### Multilayer Perceptron Classifier
* Multilayer perceptron classifier (MLPC) is a classifier based on the FeedForward Artififcial Neural Network. MLPC consist of multiple layers of nodes. Each layer is fully connected to the next layer in the network. Nodes in the input layer represent the input data. All other nodes map inputs to outputs by a linear combination of the inputs with the node's weight w and bias b and applying an activation function. This can be written in matrix form for MLPC with k + 1 layers. The number of nodes in the output layer corresponds to the number of classes. MLPC employs backpropagation for learning the model. We use the logsitic loss function for optimization.

In [None]:
from pyspark.ml.classification import MultilayerPerceptronClassifier
from pyspark.sql import SparkSession
from pyspark.ml.evaluation import MulticlassClassificationEvaluator

In [None]:
spark = SparkSession.builder.appName("Multilayer Perceptron classifier").getOrCreate()
data = spark.read.csv("Data/loan_data.csv", header=True, inferSchema=True)
data.show()

In [None]:
data.columns

In [None]:
data = data.drop("purpose")
data.show()

In [None]:
#Feature assembler
from pyspark.ml.feature import VectorAssembler
featureassembler = VectorAssembler(inputCols = ['credit_policy',
                                                    'int_rate',
                                                    'installment',
                                                    'log_annual_inc',
                                                    'dti',
                                                    'fico',
                                                    'days_with_cr_line',
                                                    'revol_bal',
                                                    'revol_util',
                                                    'inq_last_6mths',
                                                    'delinq_2yrs',
                                                    'pub_rec'], outputCol = 'features')

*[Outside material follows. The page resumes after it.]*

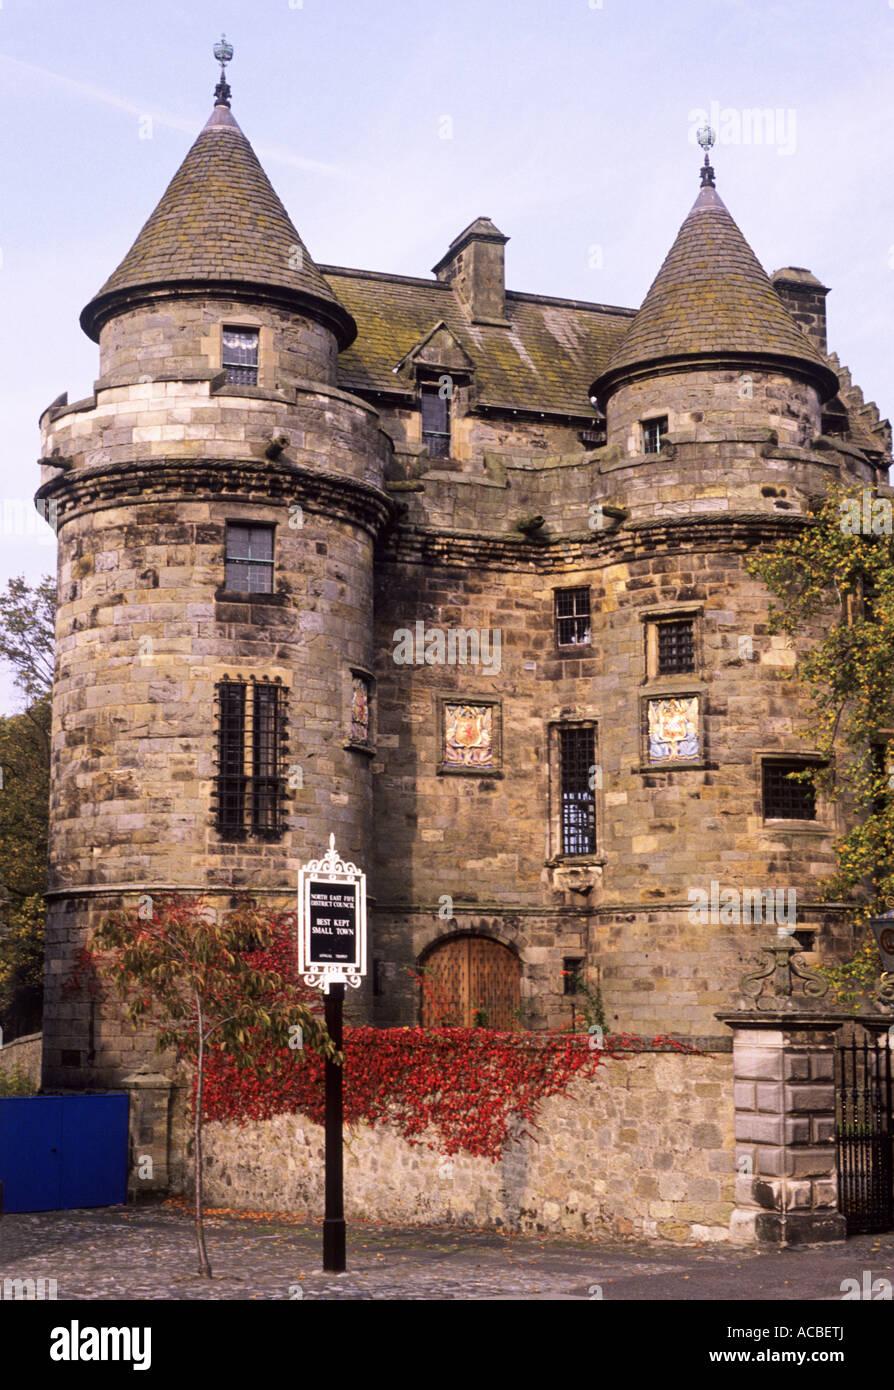 Falkland Palace, Fife, Scotland, UK, 15th and 16th century building,  architecture, history, heritage, Scottish, travel, tourism

output = featureassembler.transform(data)
output.show()

In [None]:
finalized_data = output.select("features", "not_fully_paid")
finalized_data.show()

In [None]:
train, test = finalized_data.randomSplit([0.6, 0.4], 1234)
#Specify layers for the nueral network:
#input layer of size 4 (features), two intermediate of size 5 and 4 and output size 3 (classes)
layers = [2, 5, 4, 2]

* Model Training

In [None]:
trainer = MultilayerPerceptronClassifier(featuresCol = "features", labelCol = "not_fully_paid",maxIter = 100, layers = layers, blockSize = 128, seed = 1234)

In [None]:
model = trainer.fit(train)

In [None]:
#Compute accuracy on the test set
result = model.transform(test)

In [None]:
result.show()

* Model Evaluations

In [None]:
MulticlassClassificationEvaluator()

In [None]:
#Model Evaluations
predictionAndLabels = result.select("prediction", "not_fully_paid")
evaluator = MulticlassClassificationEvaluator(labelCol ="not_fully_paid" ,metricName="accuracy")

In [None]:
print("Test set Accuracy = " + {str(evaluator.evaluate(predictionAndLabels))})